Alabama’s new Republican governor, Robert Bentley, offers up a message of tolerance and inclusion for Martin Luther King Day:

”I was elected as a Republican candidate. But once I became governor … I became the governor of all the people. I intend to live up to that. I am color blind,” Bentley said in a short speech given about an hour after he took the oath of office as governor.

So far, so good!  Very appropriate for the occasion.  But then…

“There may be some people here today who do not have living within them the Holy Spirit,” Bentley said. ”But if you have been adopted in God’s family like I have, and like you have if you’re a Christian and if you’re saved, and the Holy Spirit lives within you just like the Holy Spirit lives within me, then you know what that makes? It makes you and me brothers. And it makes you and me brother and sister.”

Bentley added, ”Now I will have to say that, if we don’t have the same daddy, we’re not brothers and sisters.
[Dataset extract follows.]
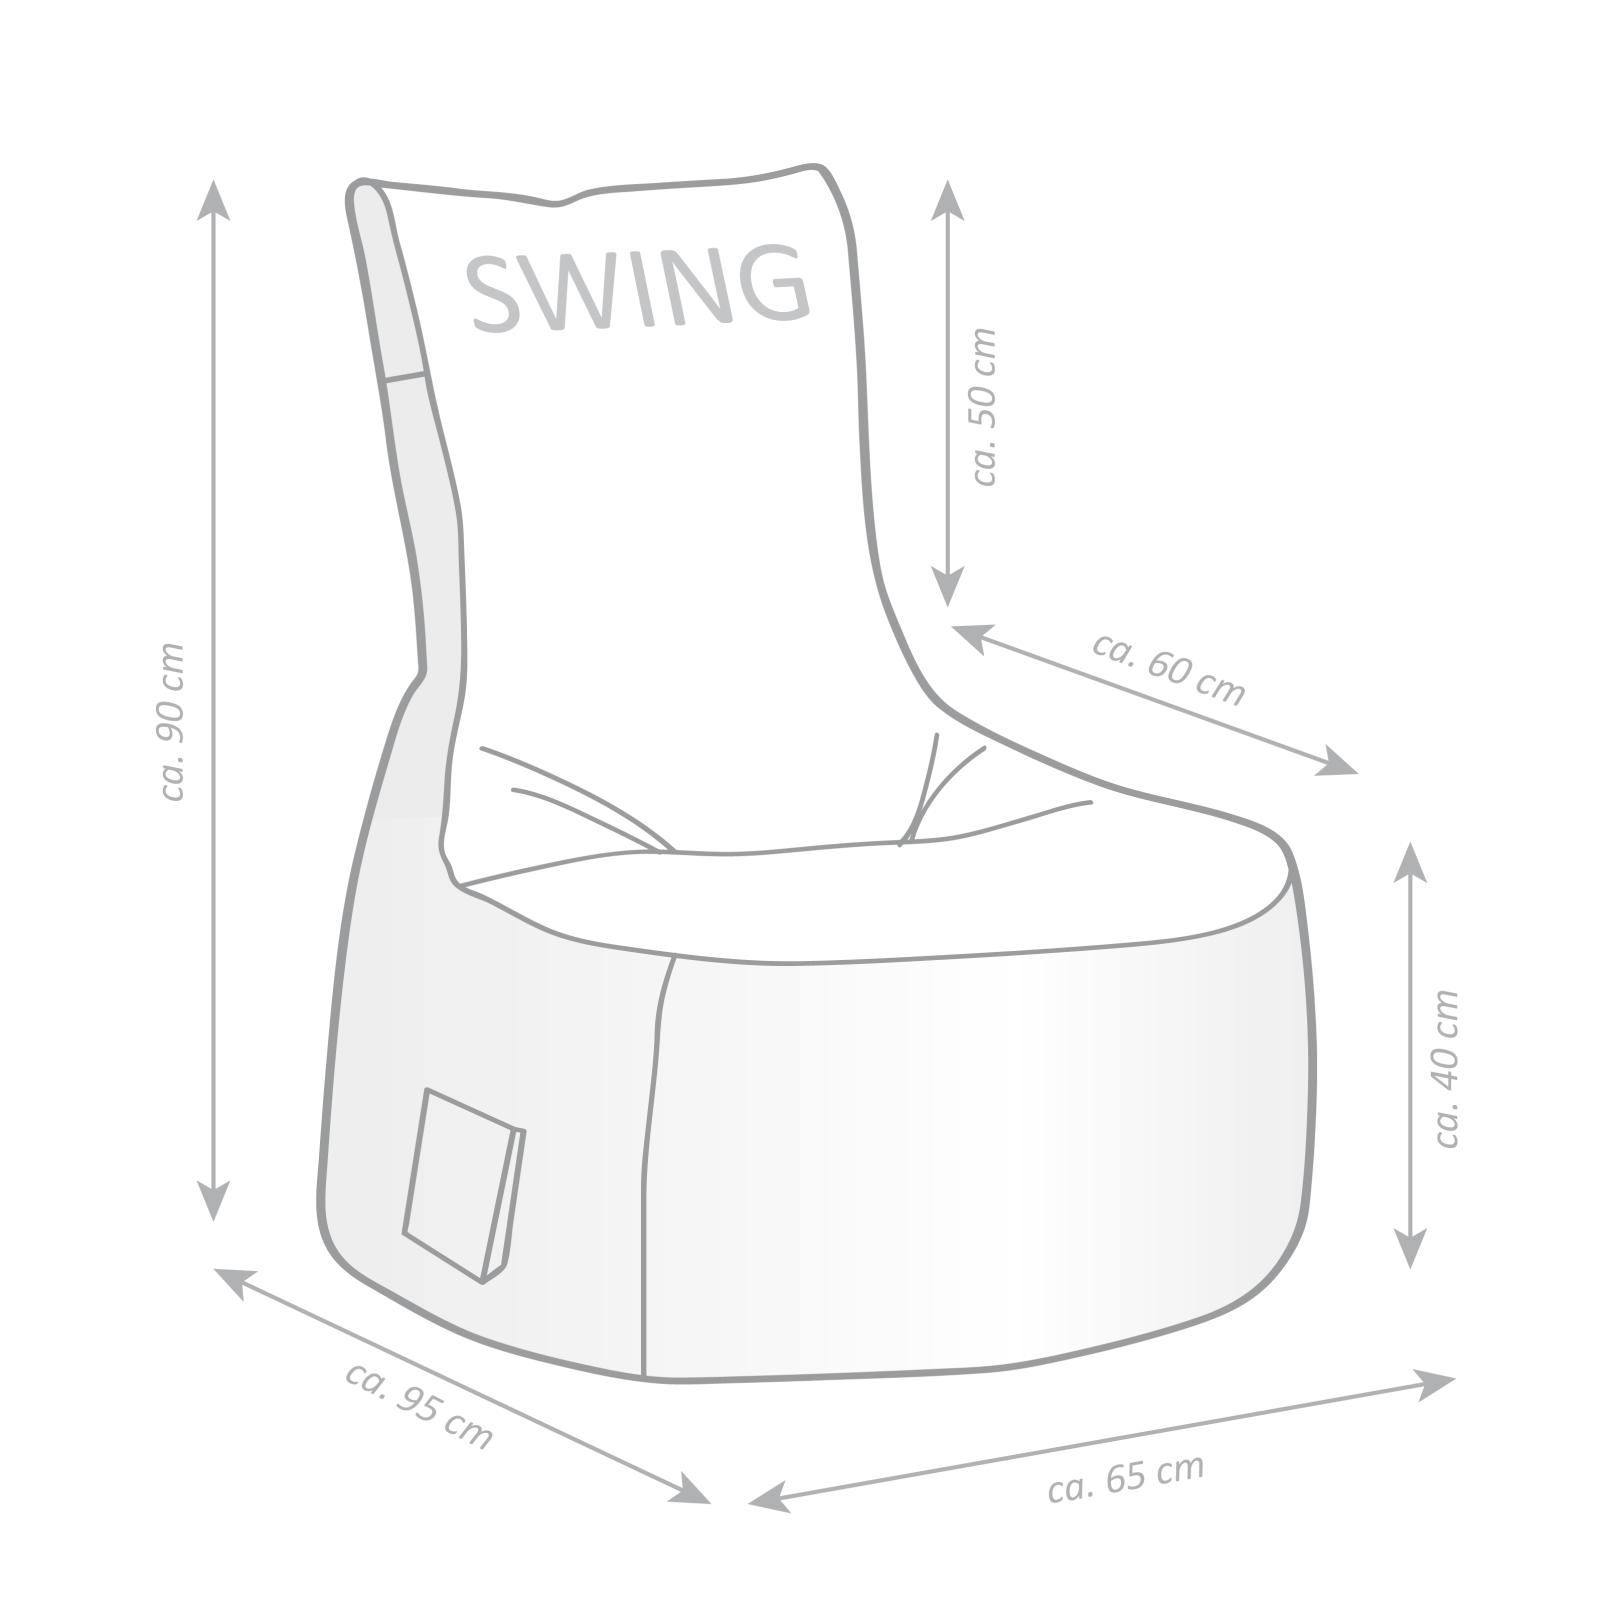 sitzsack scuba swing. Black Bedroom Furniture Sets. Home Design Ideas

So anybody here today who has not accepted Jesus Christ as their savior, I’m telling you, you’re not my brother and you’re not my sister, and I want to be your brother.”

Well, I’m sure all the Jews and Muslims and Hindus and Buddhists and atheists in Alabama were really thrilled to hear that he only considers Christians to be family… but he really wants them to convert so they can be his brothers and sisters too!  Why, that sounds almost exactly the same as what Reverend King said in his I Have A Dream speech:

I have a dream that one day, down in Alabama, with its vicious racists, with its governor having his lips dripping with the words of interposition and nullification; one day right there in Alabama, little black boys and black girls will be able to join hands with little white boys and white girls as sisters and brothers.

Sure, he forgot to mention that the little black boys and girls and the little white boys and girls are all Christians, but it’s totally implied!

I would be remiss to leave out this awesome attempt at damage control:

Bentley’s communications director, Rebekah Caldwell Mason, when asked about Bentley’s comments said, ”He is the governor of all the people, Christians, non-Christians alike.”

Well, yeah, that’s kind of the job, isn’t it?  But there’s an awful lot of daylight between “governor” and “brother,” and it’s awfully hard to imagine that that’s going to mollify very many of Bentley’s heathen non-brothers and non-sisters.

This is one of the biggest reasons why the religious right is so infuriating: their sense of compassion is ridiculously narrow.  If you’re a self-sufficient member of the tribe in good standing, they’re there for you.  But if you’re an outsider, or even a fellow Christian conservative who doesn’t have a decent job (or any job) and can’t afford health insurance or a quality school for your kids… well, the Lord had better provide, because their vision of government won’t.